→ **DATA EXCERPT**

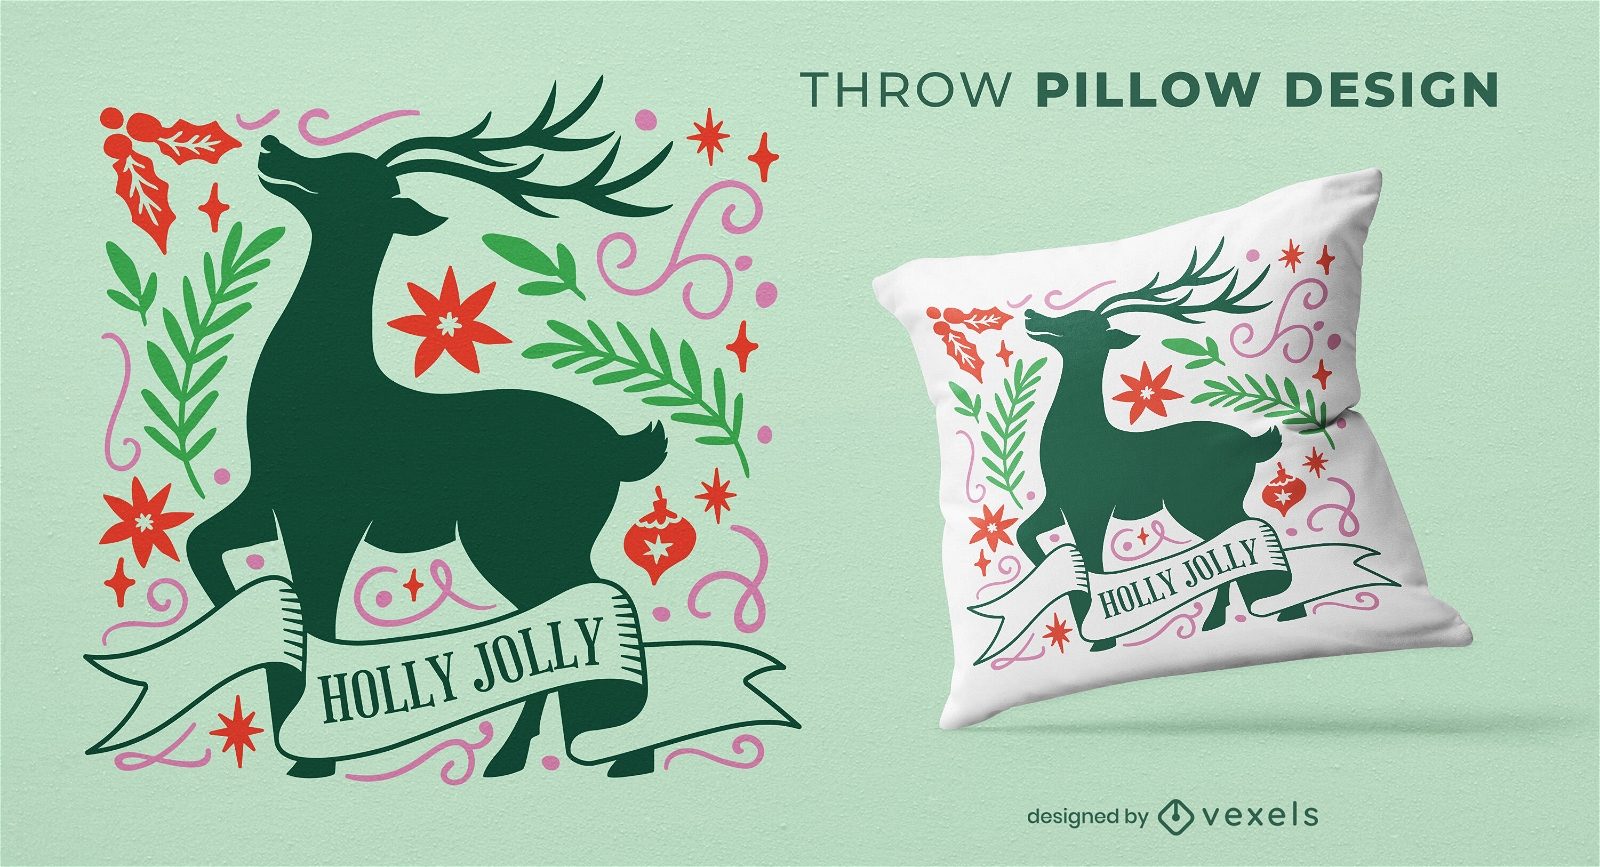 Holly jolly Christmas throw pillow design
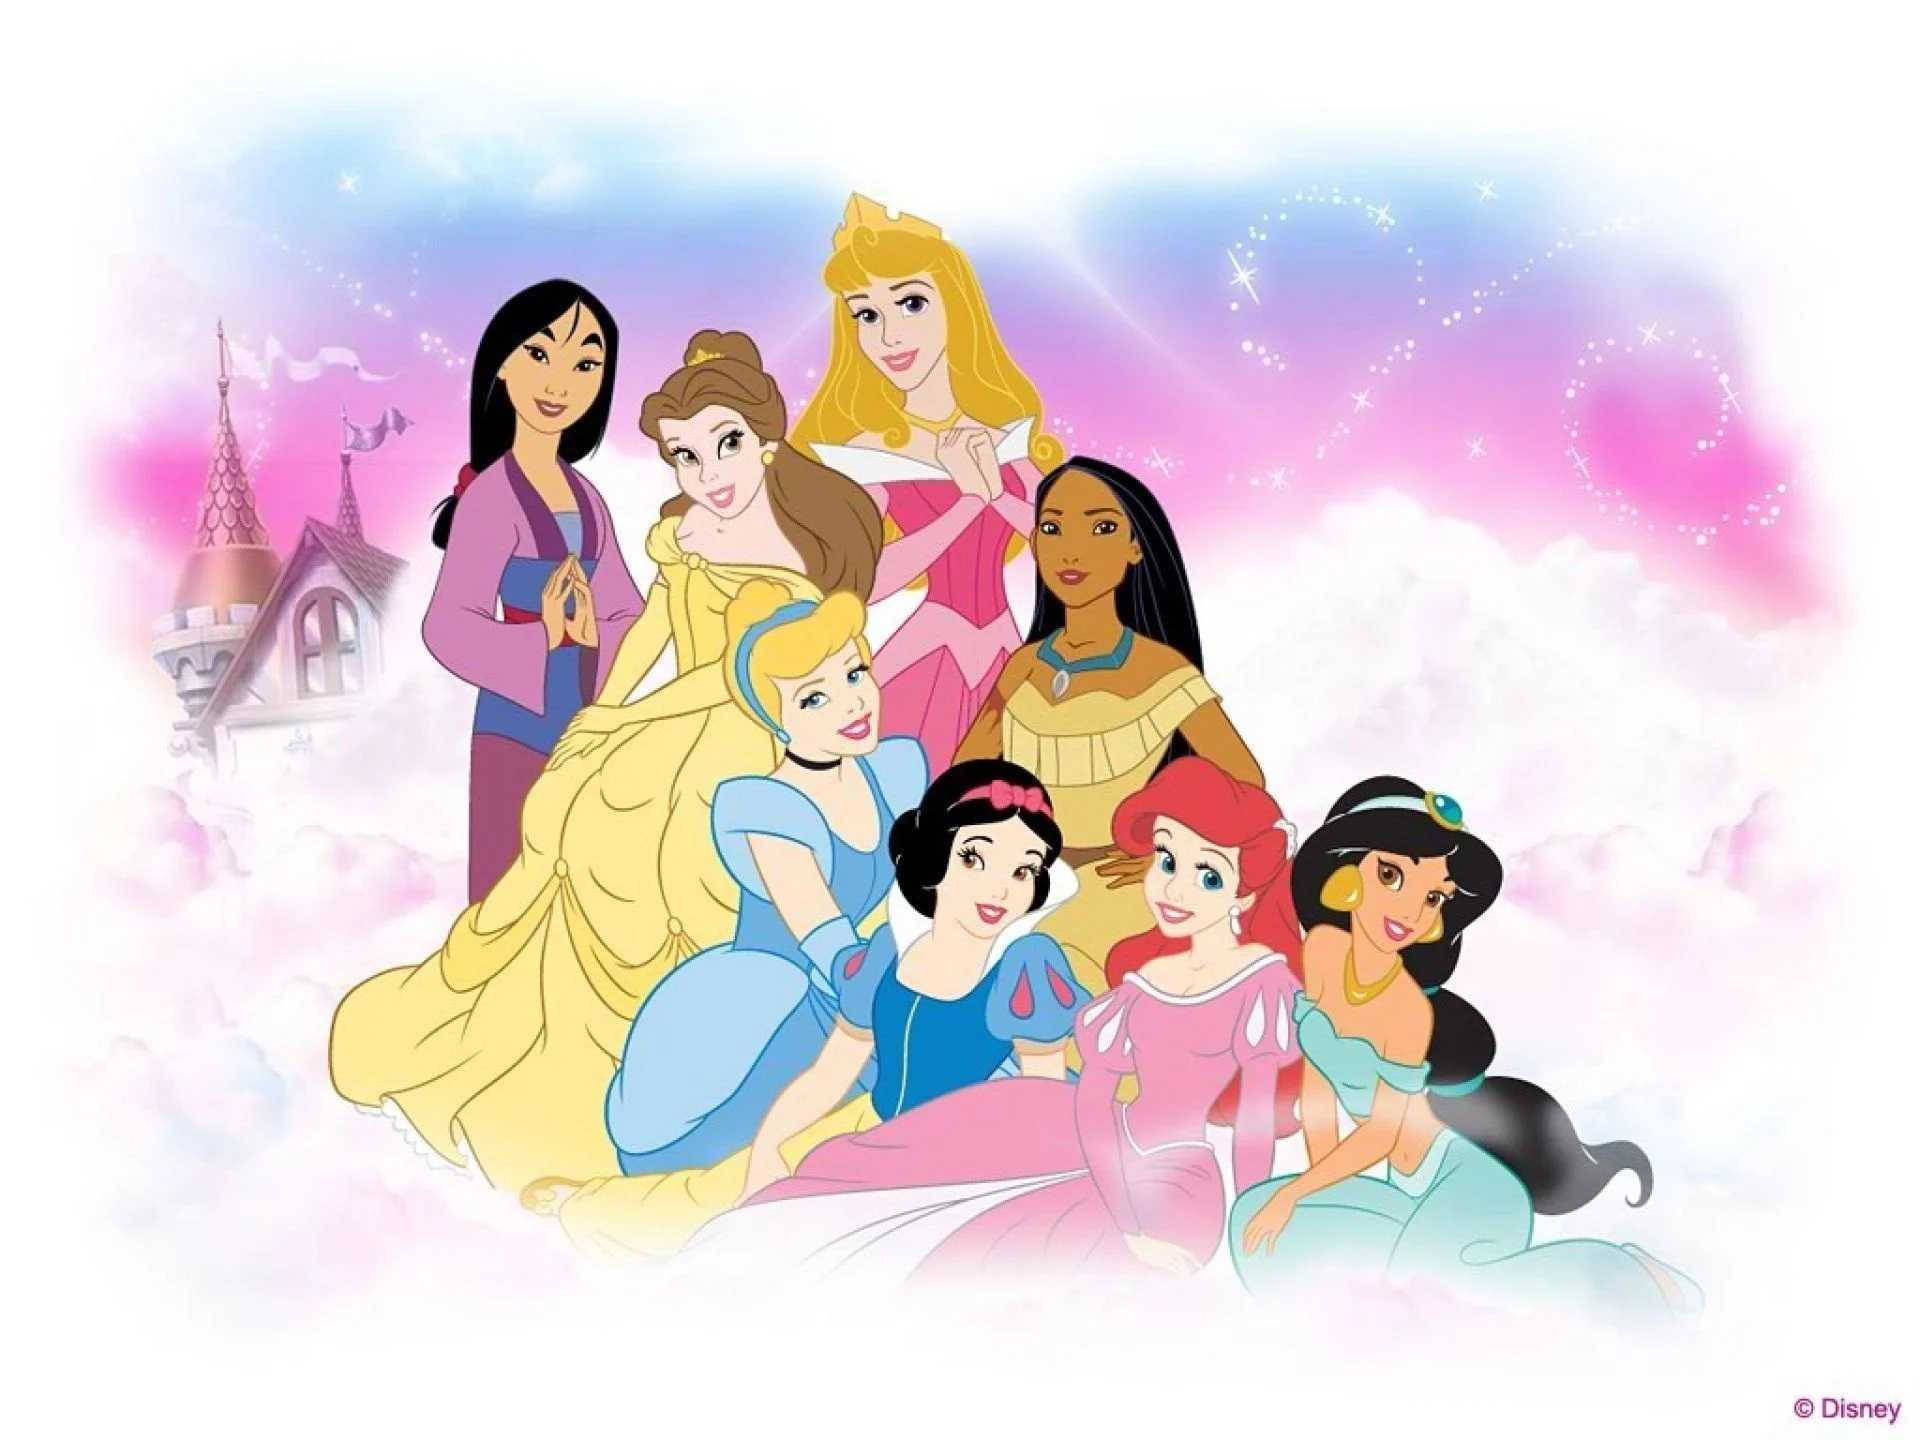 Free Beautiful Princess Wallpaper Downloads, [100+] Beautiful Princess  Wallpapers for FREE 
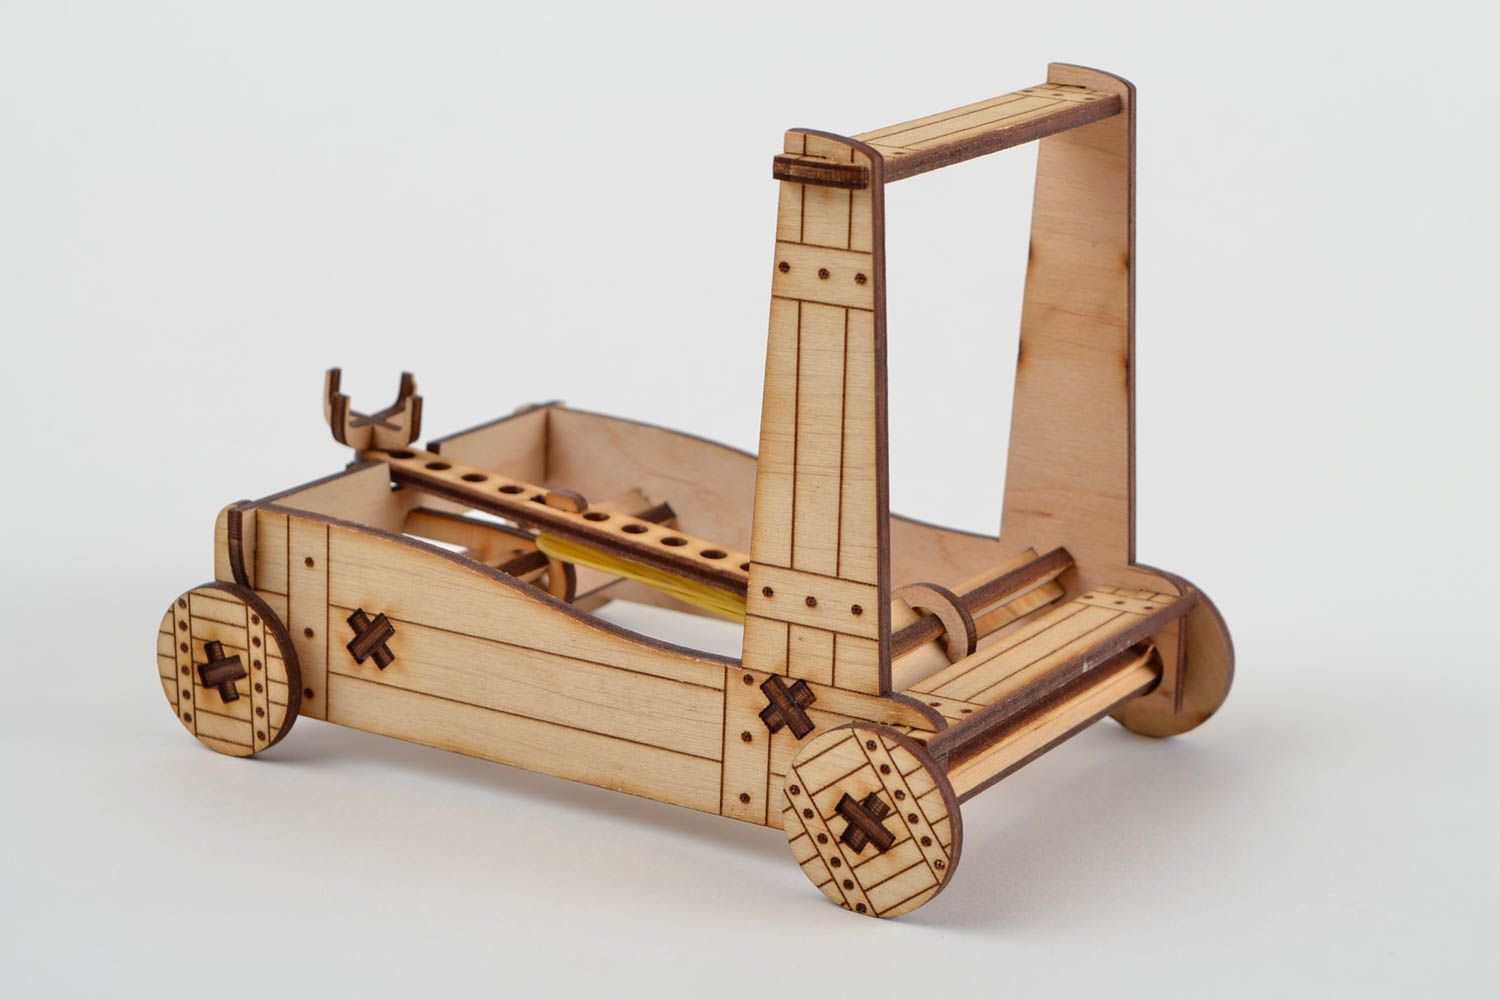 Handmade designer wooden souvenir stylish toy for kids blank for creativity photo 3

→ **TASK INSTRUCTIONS**
Using the listing above, write out exactly the lines from the one that holds "Free Beautiful Princess" through the last line, both included, and omit pictures.

→ **RESPONSE AREA**
 Free Beautiful Princess Wallpaper Downloads, [100+] Beautiful Princess  Wallpapers for FREE 
 Handmade designer wooden souvenir stylish toy for kids blank for creativity photo 3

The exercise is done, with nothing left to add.